About Me Crochet Projects Blog
I have been pretty busy for the last month and a half with various personal issues. Maybe I will discuss them here someday, maybe not. What I will discuss is the creative projects I have gotten up to.
One project I've been working on is a blanket made out of scrap yarn. My mom also crochets, and after many years of making things for herself, her children, her sisters, her niece, her friends, and her pets, she ended up with a lot of leftover yarn. It wasn't ever enough to make a full other project, and often the people she was making things for had very different tastes. So the yarn sat in a cupboard at my parents' house... when it wasn't getting pulled out by one of the cats and carted around as a special prize to show what a fierce hunter he was. (Garf, I miss you!). As such, it was both annoying for my parents to deal with and also covered in cat hair. Mom nearly threw it all in the trash, until I stopped her and said I'd use it.
The unfortunate thing about a bunch of yarn that has been in a house full of cats and cigarette smoke is that it tends to smell like cats and cigarette smoke. As such, it was hard for me to feel comfortable making things for other people out of some of it. The more cat hair was stuck to it, the more worried I got about setting off someone's allergies without realizing. Meanwhile, I was building up my own collection of yarn for my own project ideas. My mom tends to prefer acrylic yarns due to their ease of care machine washing and drying, wide variety of colors, and affordability. Her favorite project to give as gifts are bedspread sized blankets, which racks up quite the cost even when buying the cheapest of yarn and is also pretty difficult to handwash or hang out to dry. Meanwhile, I started out buying my own acrylic yarns before switching to focusing more on natural fibers due to environmental concerns. Even when I did buy acrylic yarns (a sweater for my girlfriend, a blanket for my niece) it was because I needed a large quantity of a specific color of yarn or I needed to make sure the yarn was safe for babies. (Baby yarn has stricter chemical safety and flamability standards, meaning it is both less likely to set off skin sensitivities and less likely to catch fire. Meanwhile, acrylic is machine washable, meaning the new parents can pop the blanket in the wash if there are any messes). Using up the cat-and-cigarette scented half-skeins was even more difficult than using up my own personally chosen stash (which was already quite the task).
However, a few weeks ago I started trying to condense down my yarn stash as part of a more general attempt at cleaning up my space. I realized a few things all at once:
There were some pretty simple solutions to these problems: finish up the sweater for June, and find a project that used up as much of my scrap yarn as I could so that I could go through whatever remained and either use it or say goodbye and toss it.
I will add pictures of these later, but I have finished June's sweater and started on a blanket. The idea is to make as many squares as I can of a variety of sizes, and then when I feel like I have enough I will stitch them together and give the blanket to my brother so that he can decide either use it himself or give it to his daughters.
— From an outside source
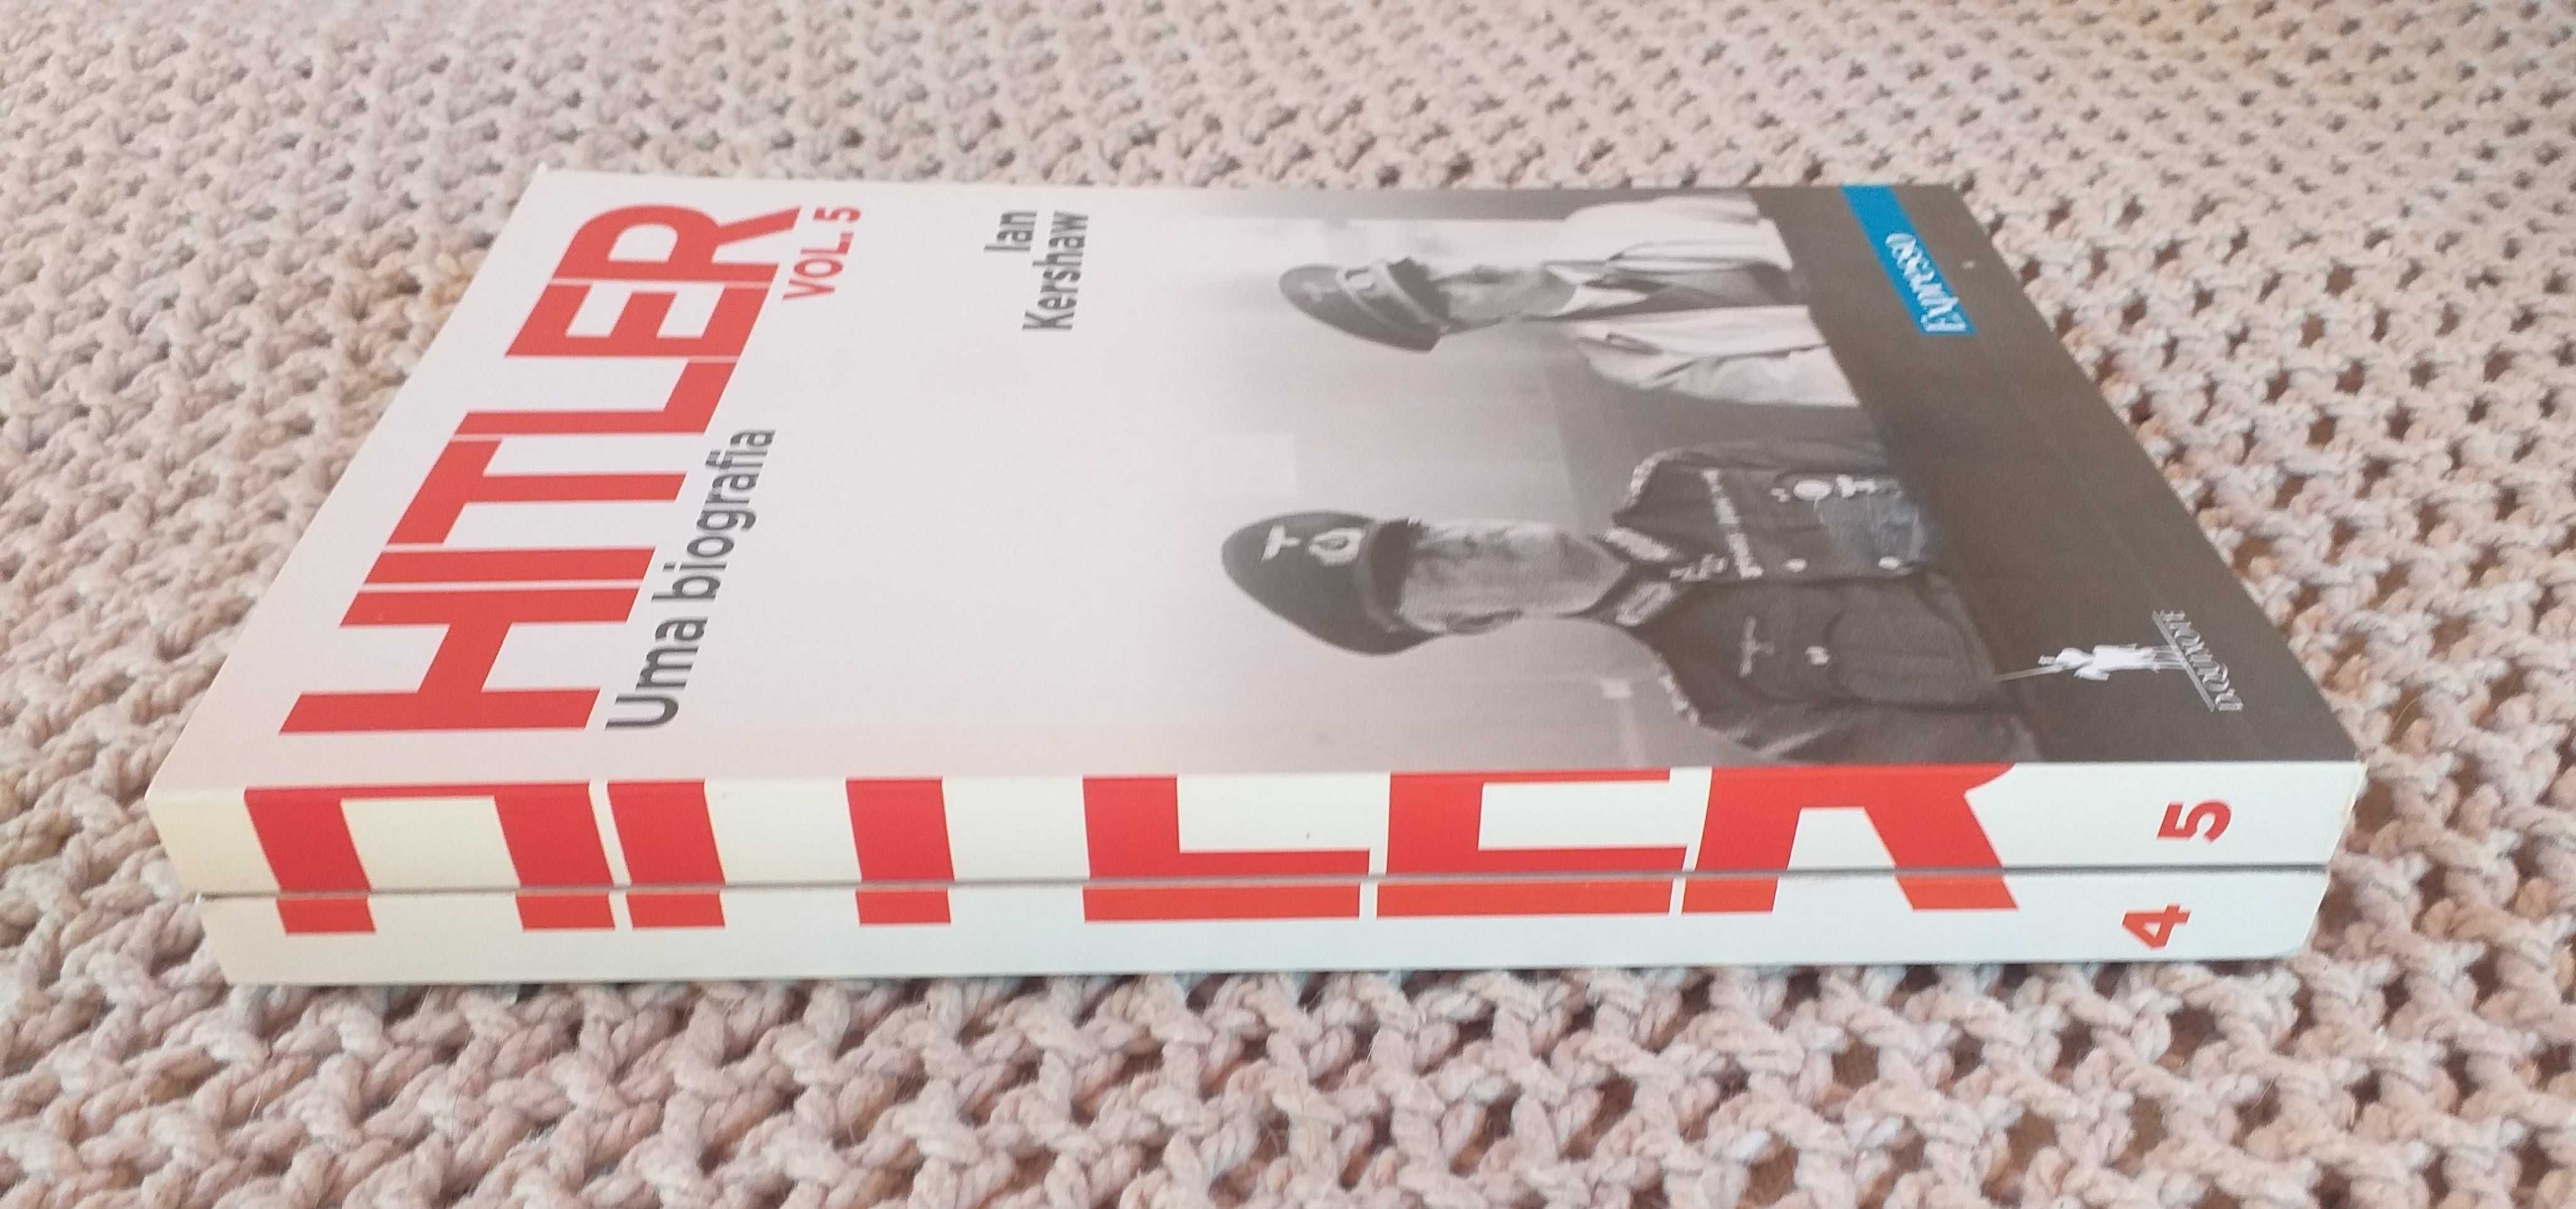 Livros "Hitler: uma biografia", volumes 4 e 5 novos

Right now I am still on the creating squares part of that task. It turns out small bits of scrap yarn leftover from both my and my mom's various acrylic projects don't always create the largest squares before I run out. Add joint problems and focus on other projects to that, and it is going to take me a decent number of weeks (if not months!) to finish this project.
It is nice to have my passion for crocheting come back. Due to various personal issues and what I am begining to suspect is Seasonal Affective Disorder, I lost all joy in creating anything and couldn't come up with any ideas for new projects or passion for my existing WIPs for many many months. It's been nice to be able to do things with my hands again. I'd missed it.
While I was having trouble bringing myself to crochet, I decided to start on a latch hook project. I believe I bought the kit right around the time I was buying yarn for a triangle shawl for myself from Herrschner's. I hadn't seen latch hook projects for sale anywhere in years, and I remembered liking the 1 time I'd tried it as a kid. The box sat in my room for months while I tried to work on crochet projects and other life situations. When I started getting other aspects of my life in order and realized that I was having trouble with creativity I figured that the sort of paint-by-numbers feeling of latch hook was perfect for getting my hands on some yarn again without the fear and pressure that was starting to form around crochet.
My hands are starting to get tired from typing so much, and I don't have enough focus left to add photos of my projects right now (or talk about how cute June was when I finally gave her that sweater. Alas!). I will hopefully have the energy and focus later. If not, too bad for you, you won't get to know what any of this stuff looks like.